The Court held that societies registered with caste-based objectives or names and whose membership is confined on caste lines are “opposed to public policy, unconstitutional and cannot be sustained.”
Citing the Supreme Court in Ashoka Kumar Thakur v. Union of India (2008), Justice Chakravarthy invoked the enduring relevance of the constitutional commitment to a casteless society:
“Caste-based discrimination remains. Violence between castes occurs. Caste politics rages on. Where casteism is present, the goal of achieving a casteless society must never be forgotten. Any legislation to the contrary should be discarded.”
Further the Court drew from Dr. B.R. Ambedkar’s 1949 address: “In India there are castes. The castes are anti-national. In the first place because they bring about separation in social life.”
The judgment did not confine itself to legalistic reasoning alone. Justice Chakravarthy expressed deep concern over the sociological ramifications of caste persistence, especially within youth and educational institutions. The Court remarked:
“Parents killing their own children for the sake of caste (honour killing) is on the rise. What more do we want?”
The Court decried the duplicity of schools and colleges operated by caste-based societies that espouse egalitarian ideals in curriculum but retain caste denominations in their names. In a sharp indictment, the Court noted:
“The teacher enters the classroom and begins the lesson with the poem ‘rhjpfs; ,y;iyao ghg;gh’. Height of hypocrisy, dishonesty and sham.”
To redress the institutional entrenchment of caste, the High Court issued a series of mandatory directions:
- The petitioner societies were directed to apply to the jurisdictional Registrars to expunge all caste identifiers from their names, revise their objectives to eliminate caste-based aims, and make their membership accessible to all individuals regardless of caste. “Only thereafter, the petitioner societies will be entitled to seek any relief before this Court.”
- The Inspector General of Registration was instructed to compile a comprehensive list of caste-based societies within three months.

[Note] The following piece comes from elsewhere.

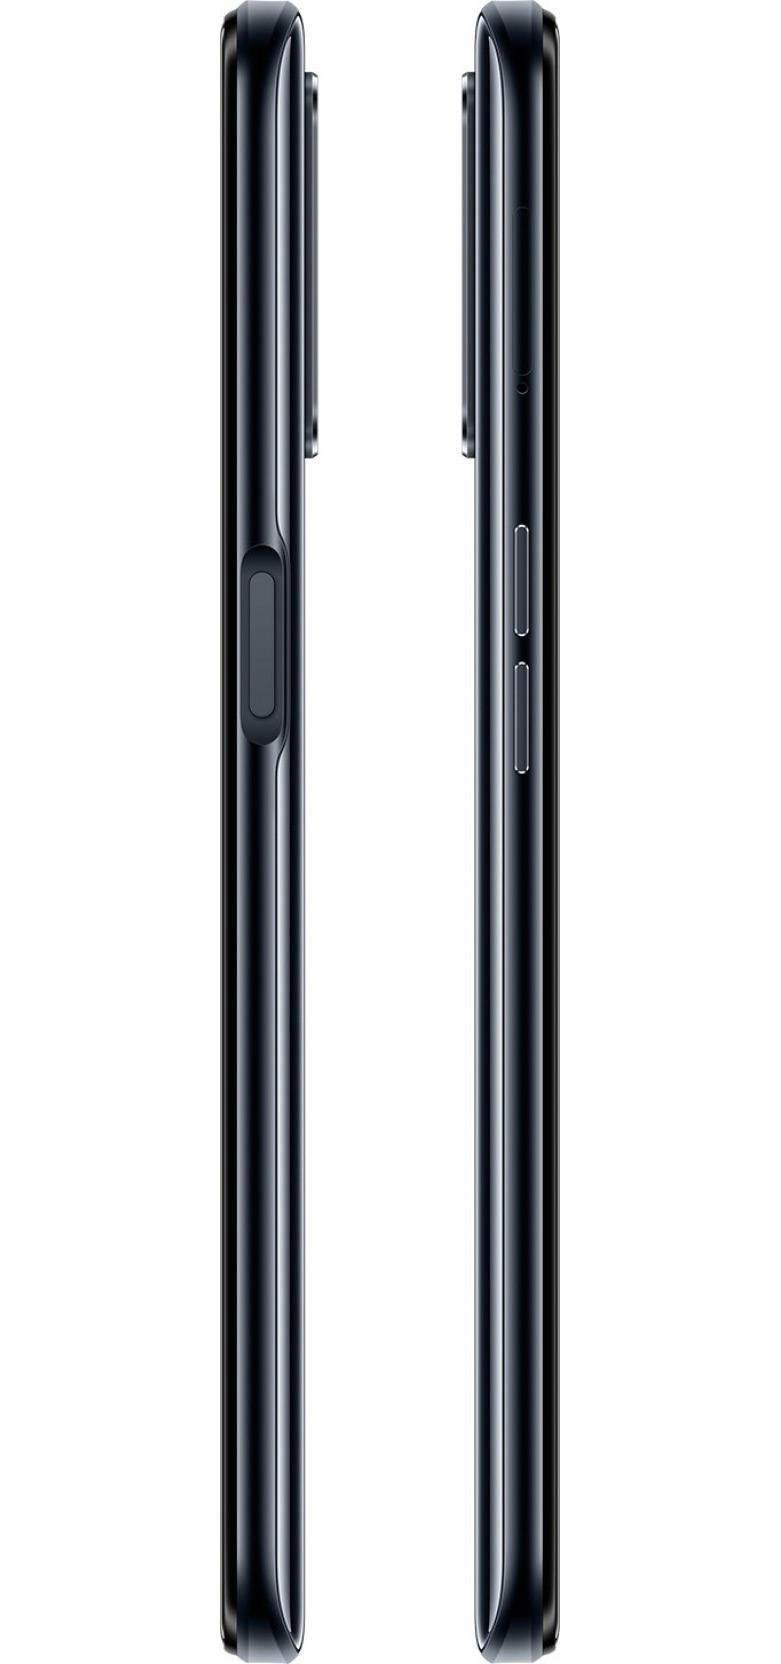 Oppo A54 Crystal Black 4GB   64GB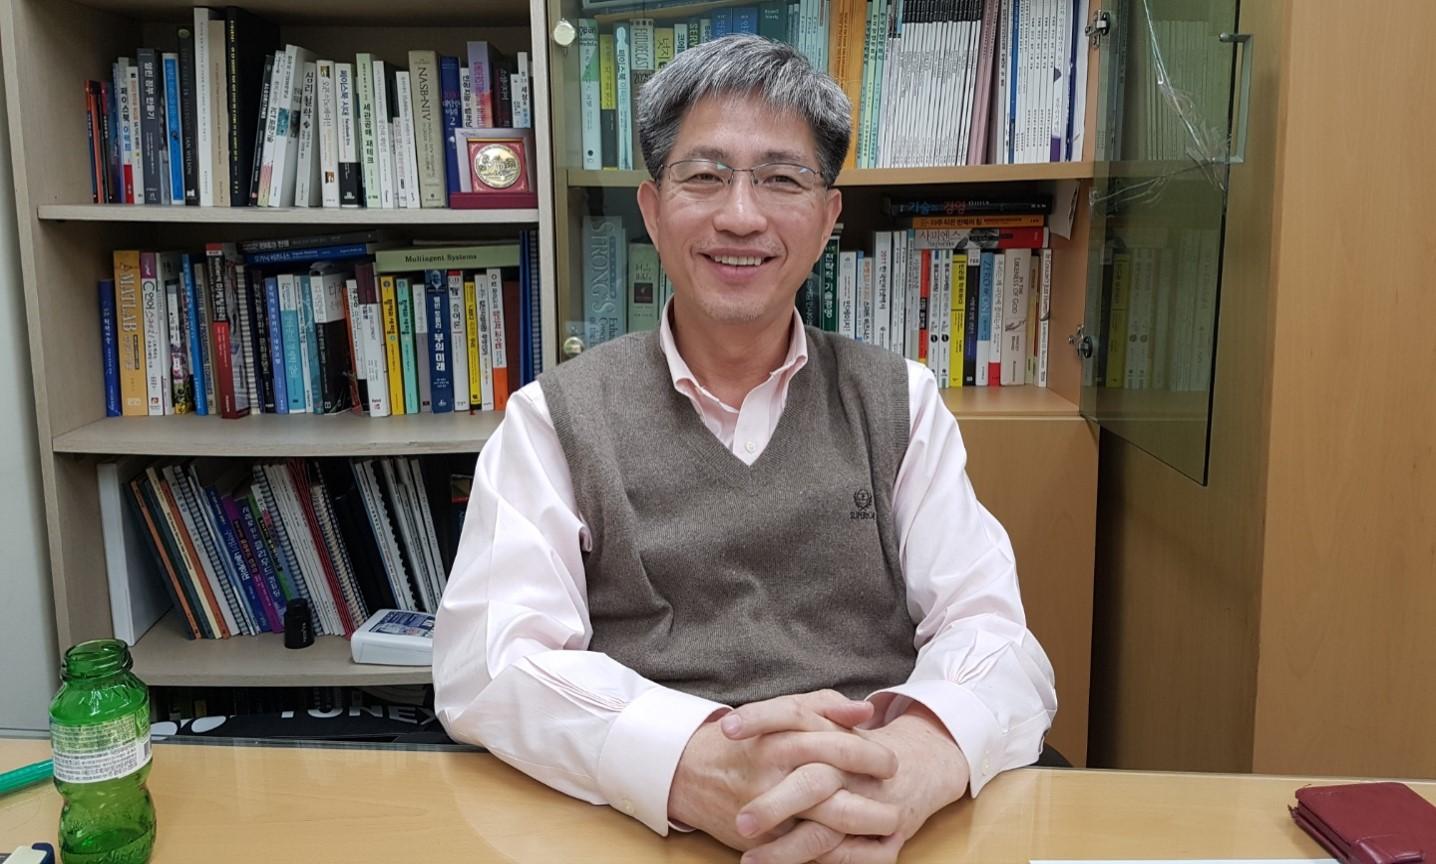 블록체인 커뮤니티그룹 의장 건국대학교 이영환 교수

Compliance with Circular No. 1/2024 must be enforced within six months. Non-compliance would result in cancellation of registration under Section 38 of the Act for engaging in “unlawful activity.”
- Schools and colleges operated by caste-based societies, whether privately managed or aided, must remove all caste identifiers from signage and records within four weeks. Non-compliant institutions risk de-recognition, and the government must facilitate transfer of students from such institutions by the academic year 2026-27.
- State-run schools bearing caste-prefixed names such as “Adi Dravidar Welfare” or “Kallar Reclamation” must be re-designated as “Government Schools” followed by their respective location. Donor names may only be retained if stripped of caste reference.
These directives resonate with earlier decisions such as Sivakasi Hindu Poorviga Agamudayar Uravinmurai Mahamai Fund Arakkatalai v. The District Registrar (2023) and administrative initiatives including the 2023 Justice K. Chandru Committee Report on caste-based violence in schools.
By holding that caste-centric societies contravene Articles 14, 15, 16, and 17 of the Constitution, the Madras High Court has recalibrated the balance between associative autonomy and constitutional morality. The Court drew support from the Supreme Court’s recent articulation in Sukanya Shantha v. Union of India (2024), which observed:
“The caste system led to harrowing practices of discrimination and subjugation, rooted in the notions of purity and pollution.”
Justice Chakravarthy concluded with an emphatic declaration: “The time has come for this Court to emphatically declare so.”